The store uses an asyncio.Lock — safe to use across concurrent coroutines.

Custom information (ctx.info)

Pass a Pydantic model at construction time to carry static, read-only request-scoped data (e.g. user_id, rate_limit, tenant_id) through every service layer without threading extra arguments:

from pydantic import BaseModel
from ai_sdk_stream_python import StreamContext

class RequestInfo(BaseModel):
    user_id: str
    rate_limit: int

# Typed constructor — IDE infers ctx.info as RequestInfo
ctx: StreamContext[RequestInfo] = StreamContext(
    custom_information=RequestInfo(user_id="u_42", rate_limit=100)
)

# In any service layer that receives ctx:
if ctx.info is not None:
    print(ctx.info.user_id)    # "u_42"
    print(ctx.info.rate_limit) # 100
  • ctx.info is read-only (no setter). For mutable runtime state use ctx.store.
  • Defaults to None when custom_information is not passed.
  • StreamContext is generic — annotate as StreamContext[YourModel] for full IDE support.

Writing to the stream

# Reasoning (chain-of-thought)
await ctx.write_reasoning("Let me think…")

# Text answer
await ctx.write_text("Here is the answer…")

# Tool calls
handle = await ctx.begin_tool_call("searchDocs", {"query": "hello"})
result = await my_search(query)
await ctx.complete_tool_call(handle.toolCallId, result)
# or on error:
await ctx.fail_tool_call(handle.toolCallId, "timeout")

# Source citations
await ctx.write_source("doc-1", "https://example.com/doc", "My Doc")

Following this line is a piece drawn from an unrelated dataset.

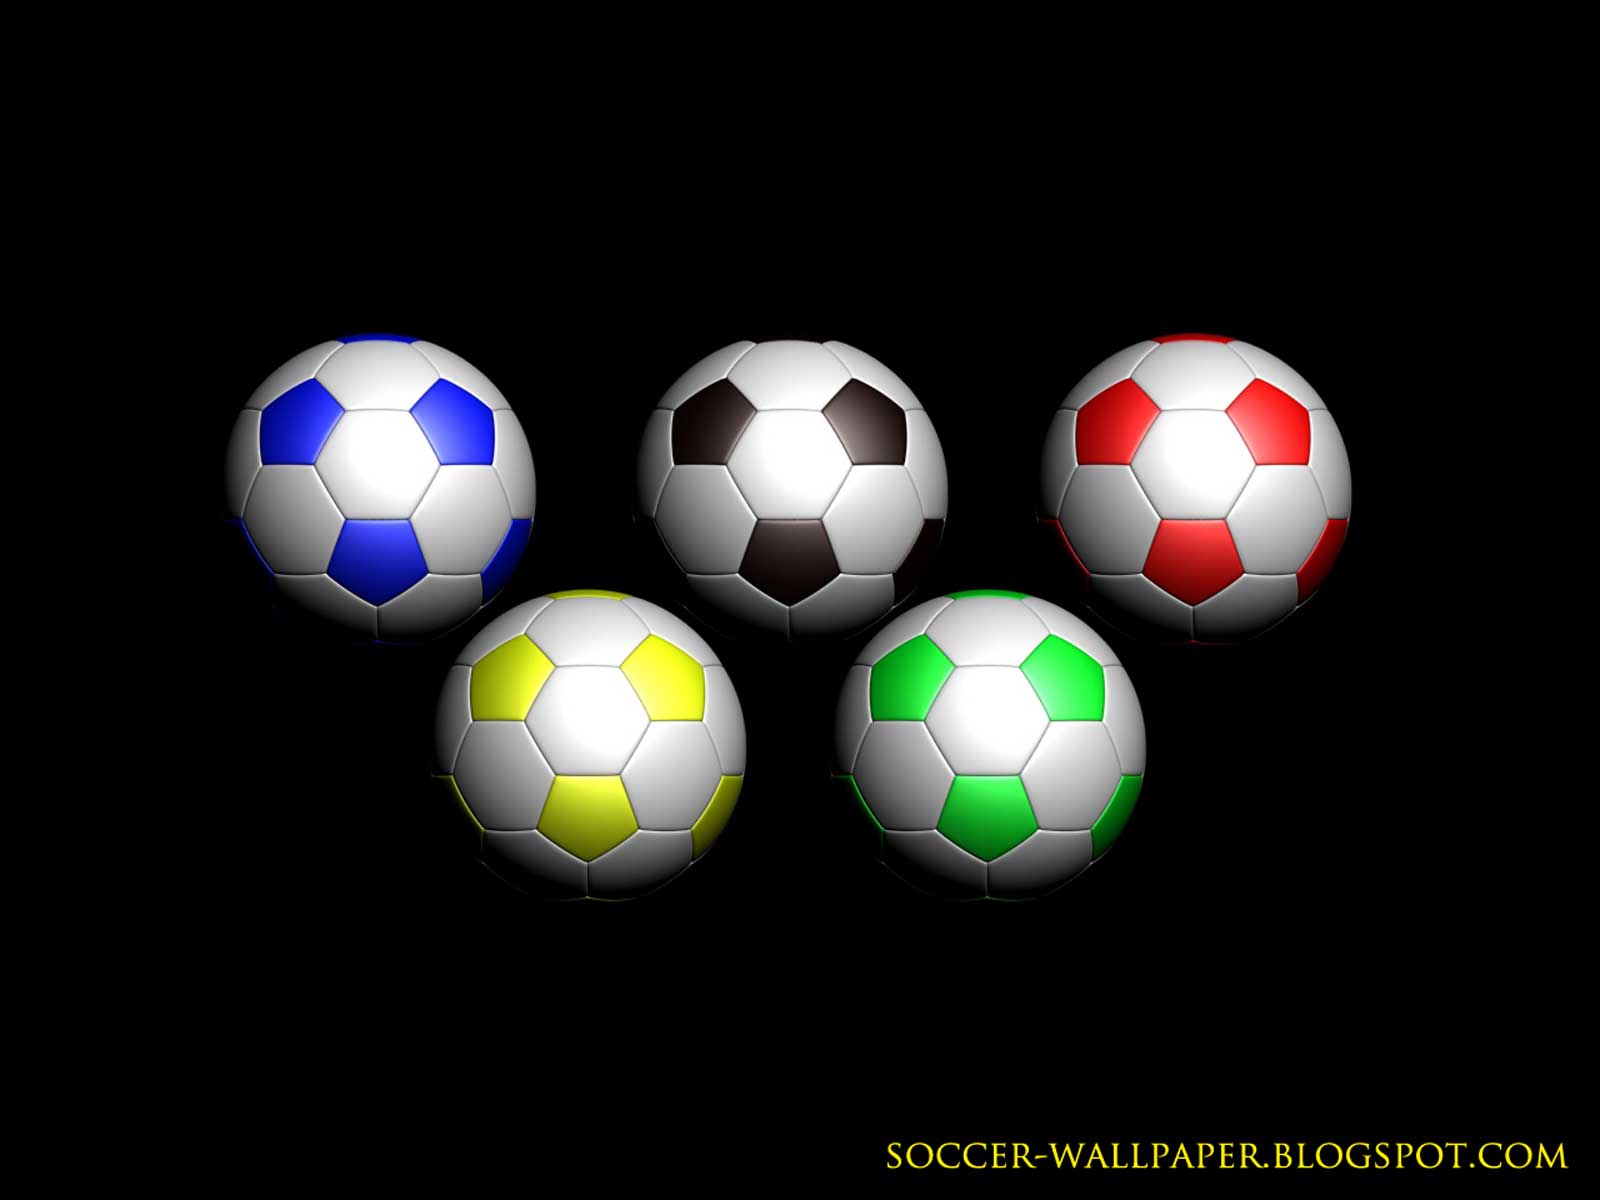 http://3.bp.blogspot.com/-CFTt1DpoDqg/URKRVct4-7I/AAAAAAAACBU/Eb7f4dus3s0/s1600/Soccerball_wallpapers.jpg

# Finish (closes all open parts/steps, emits finish + [DONE])
await ctx.finish(finish_reason="stop")

new_step() — when to use it

new_step() closes any open text/reasoning part and the current step (finish-step), then immediately opens a new step (start-step). Use it when you want an explicit step boundary in the stream — for example in a multi-turn agentic flow:

# Step 1: reasoning
await ctx.write_reasoning("Let me think…")

# Step 2: tool call
await ctx.new_step()
handle = await ctx.begin_tool_call("search", {"q": query})
await ctx.complete_tool_call(handle.toolCallId, results)

# Step 3: final answer
await ctx.new_step()
await ctx.write_text("Based on the results…")

You don't need new_step() for simple responses. The high-level helpers (write_text, write_reasoning, begin_tool_call) already auto-close each other within the same step, and finish() closes everything. Only call new_step() when you want the frontend to see distinct steps — e.g. separate reasoning, tool-use, and answer phases.

Low-level / raw events

from ai_sdk_stream_python import TextDeltaEvent

# Sync push (like LlamaIndex's write_event_to_stream)
ctx.write_event_to_stream(TextDeltaEvent(id=ctx.current_text_id, delta="!"))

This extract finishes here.